Rondeau Boulevard (full name in Spanish: Boulevard General José Rondeau) is a two-way, four-lane avenue and arterial road in Rosario, province of Santa Fe, Argentina. It starts as a continuation of Alberdi Avenue, in Barrio Lisandro de la Torre, and runs in a straight line, roughly parallel to the Paraná River, along the center of the northeastern block of the city, forming the western limit of Barrio Alberdi. It ends in the node formed by Beltway Avenue, the access to the Rosario-Victoria Bridge and the beginning of National Route 11, which marks the municipal border of Rosario with the city of Granadero Baigorria.

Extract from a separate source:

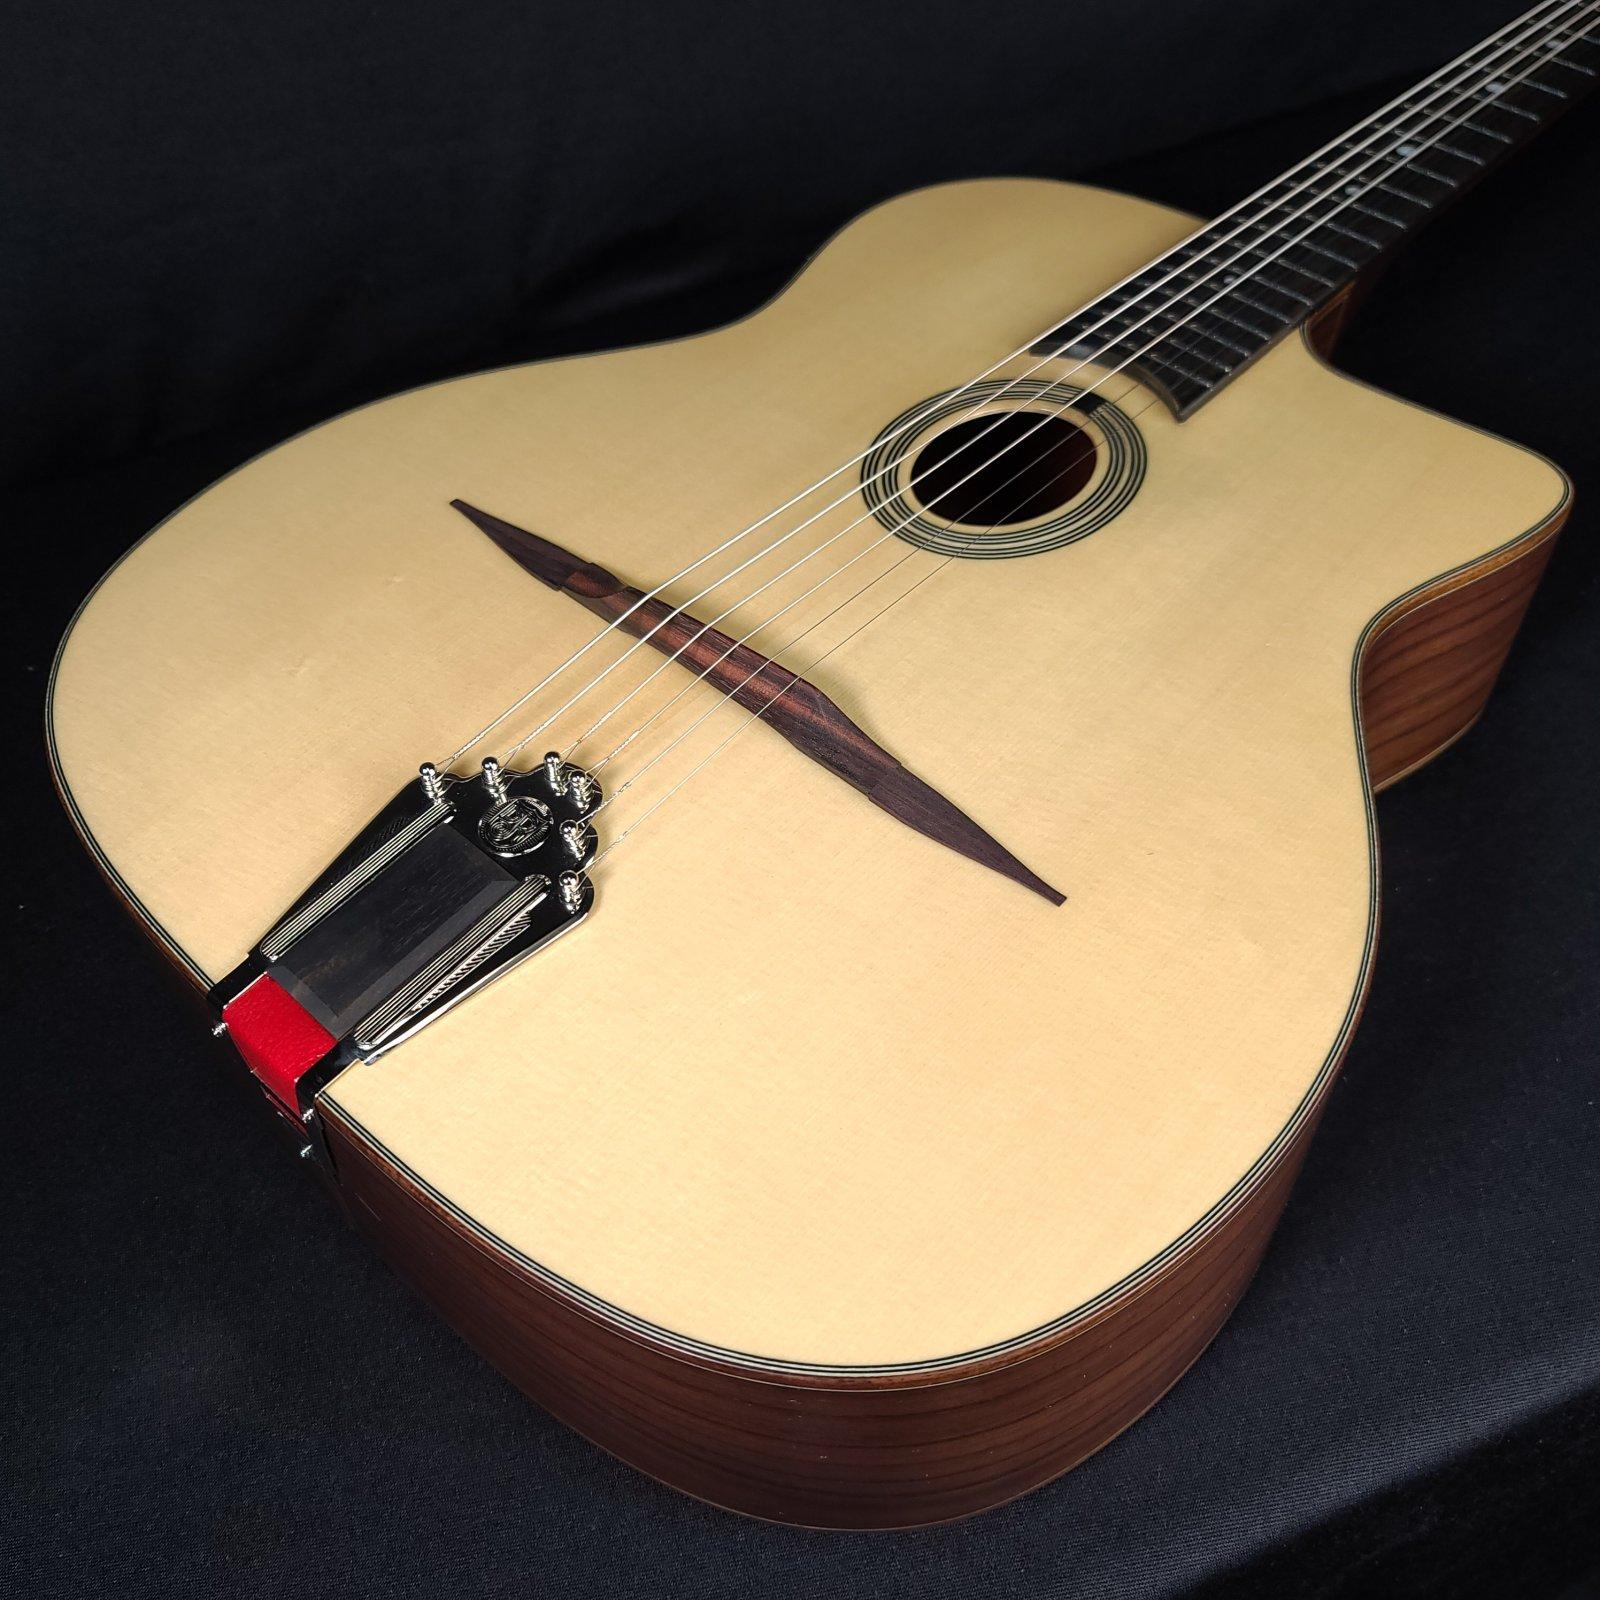 Eastman DM1 Natural Gypsy Jazz Guitar Petite Bouche w/ Gig Bag

The boulevard is named after General José Rondeau (1773–1844), who fought in the Argentine War of Independence and was the first appointed Supreme Director of the United Provinces of the Río de la Plata.

Rondeau Blvd. follows a former railway of the Santa Fe Railway company, established in 1888, which had a stop in Pueblo Alberdi, a settlement which was later absorbed by Rosario. It was widened and turned into an arterial road during the administration of mayor Luis Cándido Carballo (1958–1959), following an extensive public works programme.

The boulevard starts at the junction of Alberdi Avenue, Portugal Avenue and Juan B. Justo St., marked by a bust of Lisandro de la Torre. At the end of the boulevard there is a statue of the Virgin of the Rosary, and a sign welcomes the visitors entering Rosario from the north.